Aki Vehtari et al. Expectation propagation as a way of life: A framework for Bayesian inference on partitioned data.

yizhang · April 25, 2019, 4:05pm

Instead of subsampling the data, does it make sense to use the combined data but sample different region of the parameter space in parallel? This would require gather the samples from each process though.

hhau · April 25, 2019, 4:21pm

Some recent papers have simulation studies / nice pictures that are similar to the ones in the OP: (these are just the ones that I’ve read semi-closely, they cite a numbers of others that look at examples of this type).

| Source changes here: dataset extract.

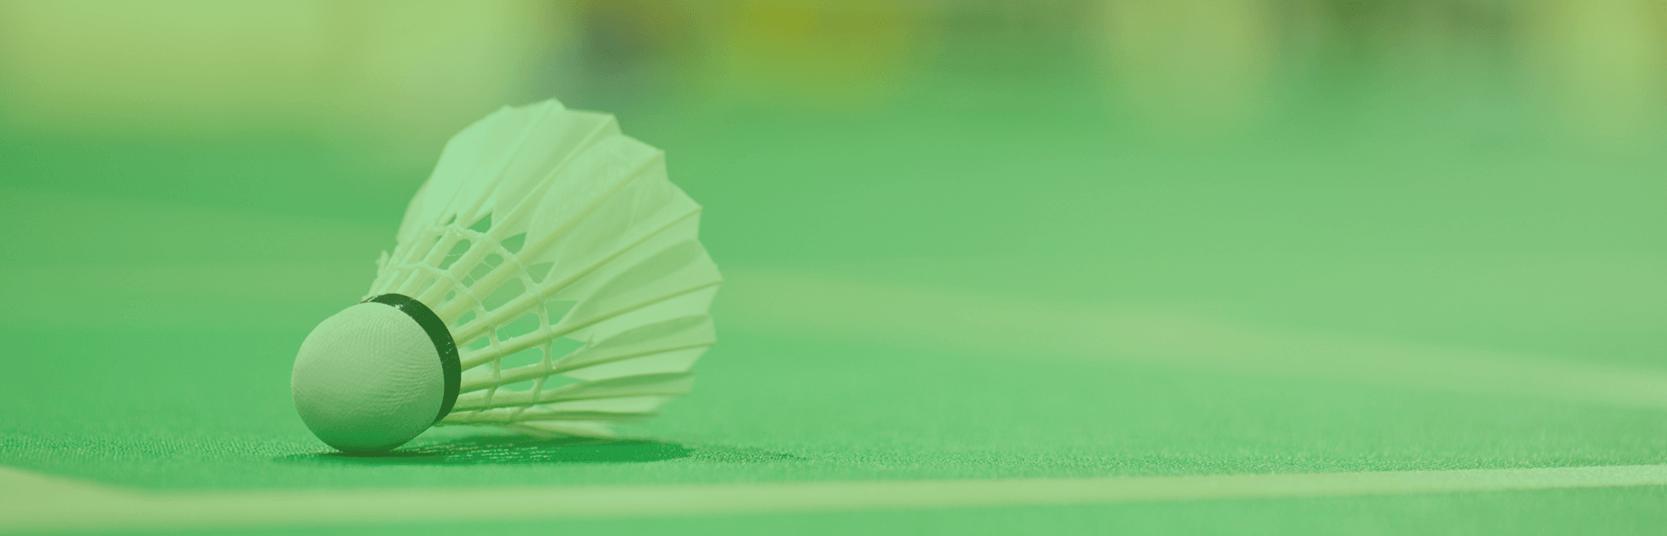 Heva le logiciel de gestion de federation de sport du groupe StadLine - Fond

https://projecteuclid.org/euclid.ba/1502265628

hhau · April 25, 2019, 5:09pm

This is the idea behind umbrella sampling / parallel tempering. The tricky part is that if one weights the target distribution to learn about a different part of parameter space, then one needs to accurately compute the normalising constant for each of the weighted targets in order to combine the samples from the various targets (challenging in general).

yizhang · April 25, 2019, 5:30pm

I vaguely remember there’s some auxiliary distribution to be applied to resolve the multi-modality issue. The challenge mostly is on dealing with modes with different structures. But for more regulated modes the method seems work. Note that the idea is also in line with multiple-try mcmc, which is more brute force but also shows performance improvement.

Bob_Carpenter · April 25, 2019, 6:55pm

The idea behind that EP paper I link is similar. It uses what’s known as a “cavity distribution” to approximate the contribution from the other batches. It’s not completely parallel, but low communication. I don’t know if it’s ever been implemented or even prototyped on real problem. The paper’s one of these massive jobs where a dozen people shoveled in everything they were thinking about EP.

yizhang · April 25, 2019, 7:01pm

yeah, I always get confused when the term “subsampling” is used, to some people it means sub data, to some it means sub space.

Bob_Carpenter · April 25, 2019, 7:03pm

There are dozens of these papers out there.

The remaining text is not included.